Wasserstoff direkt an der Tankstelle produzieren
Es gibt weitere Einsatzmöglichkeiten für das Ammoniak. Nach der Rückumwandlung in Wasserstoff kann es zum Beispiel auch dazu dienen, Landfahrzeuge anzutreiben. Das Entscheidende bei diesem Konzept sind dezentrale Anlagen, die das Ammoniak direkt an der Tankstelle in Wasserstoff umwandeln, um einen Wasserstoff-Transport weitgehend zu vermeiden.
Wie wird sich die Wasserstoffnachfrage bis 2045 entwickeln?
Möglich ist das bereits. Das Fraunhofer-Team hat dafür einen sogenannten Crackreaktor entwickelt. Er funktioniert auf Basis einer Katalysatortechnologie und mikrostrukturierter Reaktortechnologie. In diesem Reaktor wird reiner Wasserstoff aus Ammoniak durch Spaltung hergestellt. Anschließend wird er gereinigt und kann in PEM-Brennstoffzellen eingespeist werden.

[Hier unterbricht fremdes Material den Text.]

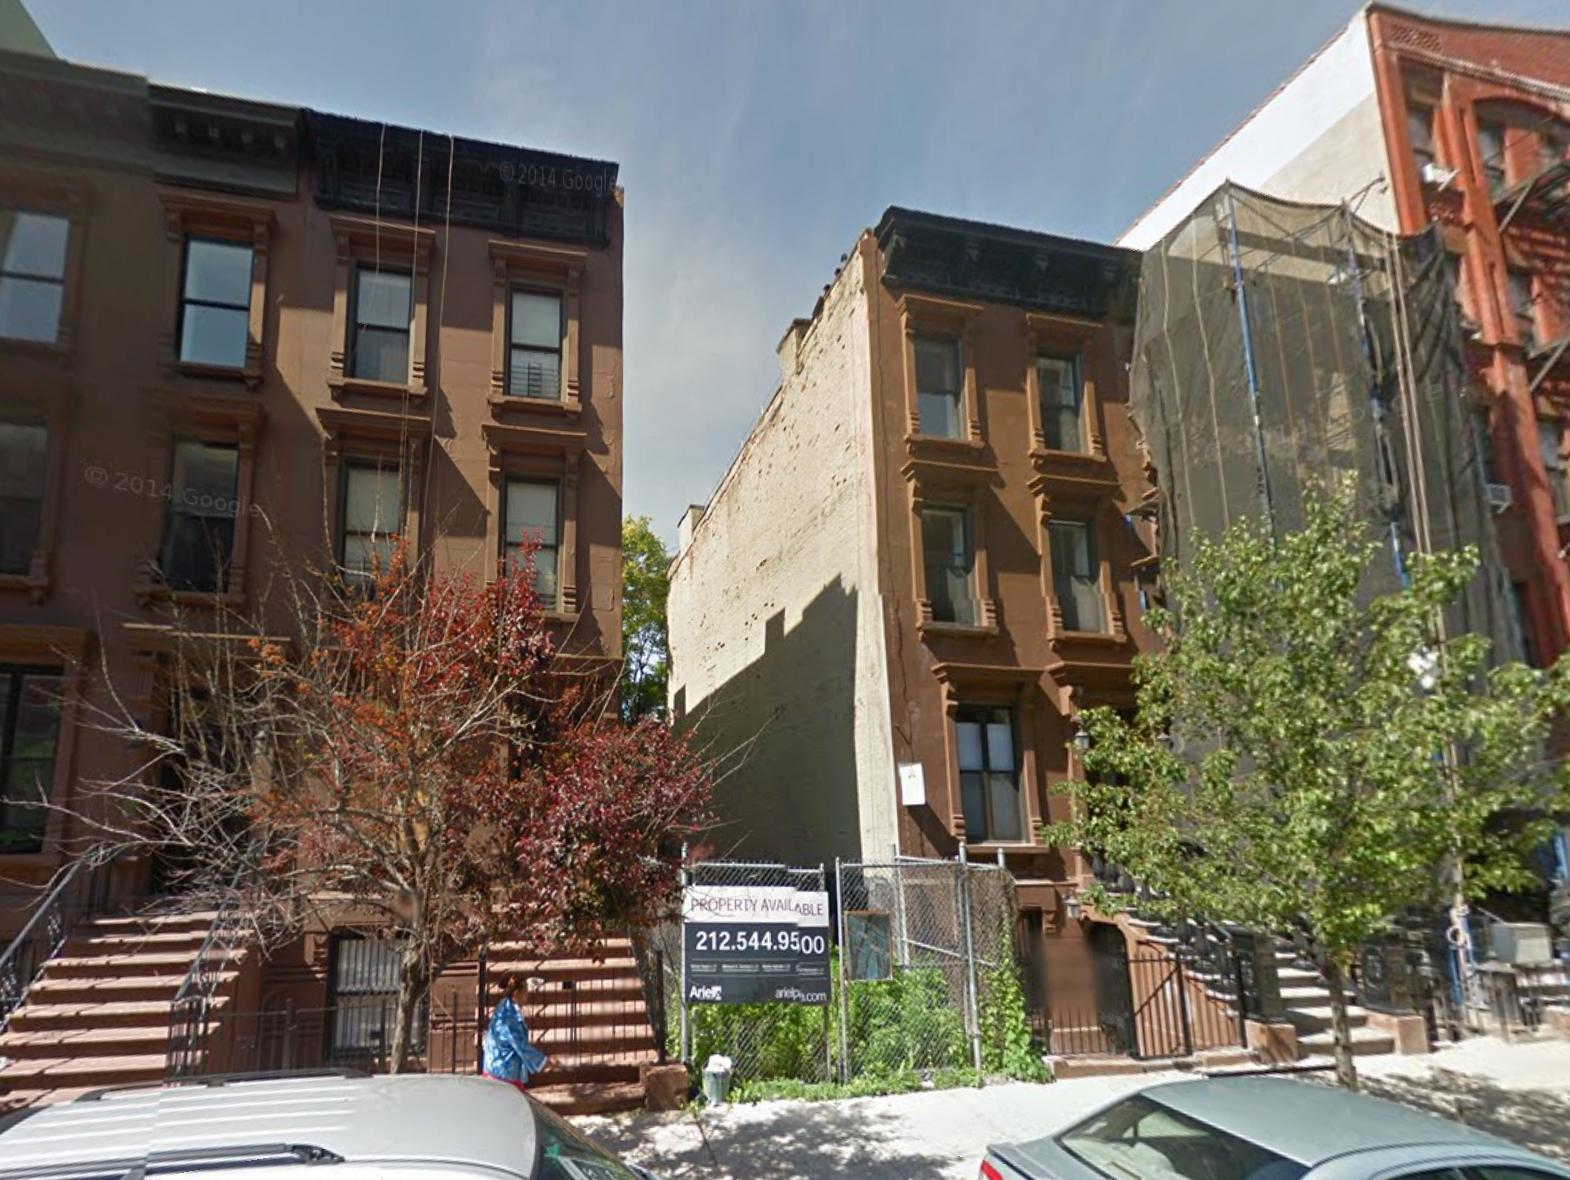 116 West 127th Street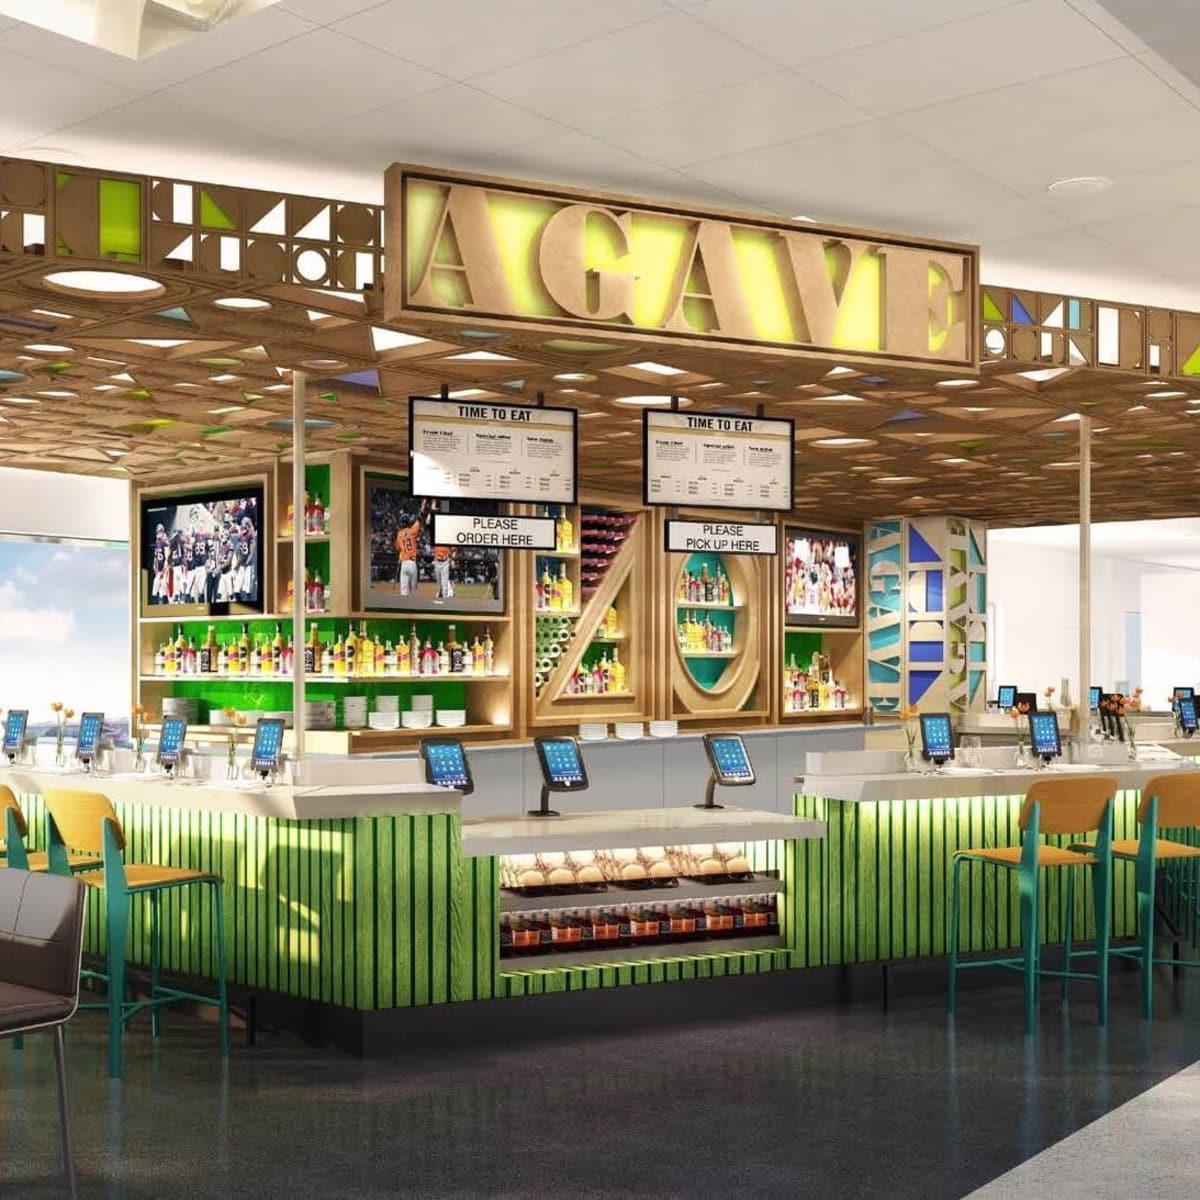 Agave restaurant at Bush Intercontinental Airport

„Durch die integrierte PSA-Abgasverbrennung erreichen wir beim Rückverwandlungsprozess einen Wirkungsgrad von 90% im Vergleich zu 70% bei herkömmlichen Technologien“, sagt Kolb. Der Reaktor sei zudem sehr kompakt gebaut und erzeuge nur einen geringeren CO2- Fußabdruck im Vergleich zu elektrisch beheizten Reaktorkonzepten. Denn die Abgase aus dem Spaltungsprozess verbleiben im Kreislauf und werden zur Energiegewinnung genutzt.
Der Crackreaktor an sich ist nicht ganz neu. Das Fraunhofer-Team stellt bereits die zweite Generation vor. Bei einer Ammoniakzufuhr von 25 Kilogramm pro Stunde liefert er 70 Kilo gereinigten Wasserstoff pro Tag.
Ammoniak und Wasserstoff als Lösung für klimafreundliche Schifffahrt
Als relevant schätzen die Forschenden das Ammoniak/Wasserstoff-System auch für maritime Antriebssysteme ein. Denn bei Schiffen sei es besonders schwer, das Lagerproblem für komprimierten oder flüssigen Wasserstoff zu lösen. Auch hier setzen die Experten und Expertinnen daher auf teilweise gespaltenes Ammoniak. Mit dem Projekt ShipFC will das Fraunhofer IMM gemeinsam mit 13 europäischen Verbundpartnern ein ehrgeiziges Ziel erreichen: die weltweit erste Brennstoffzelle auf Basis von Ammoniak für Schiffe.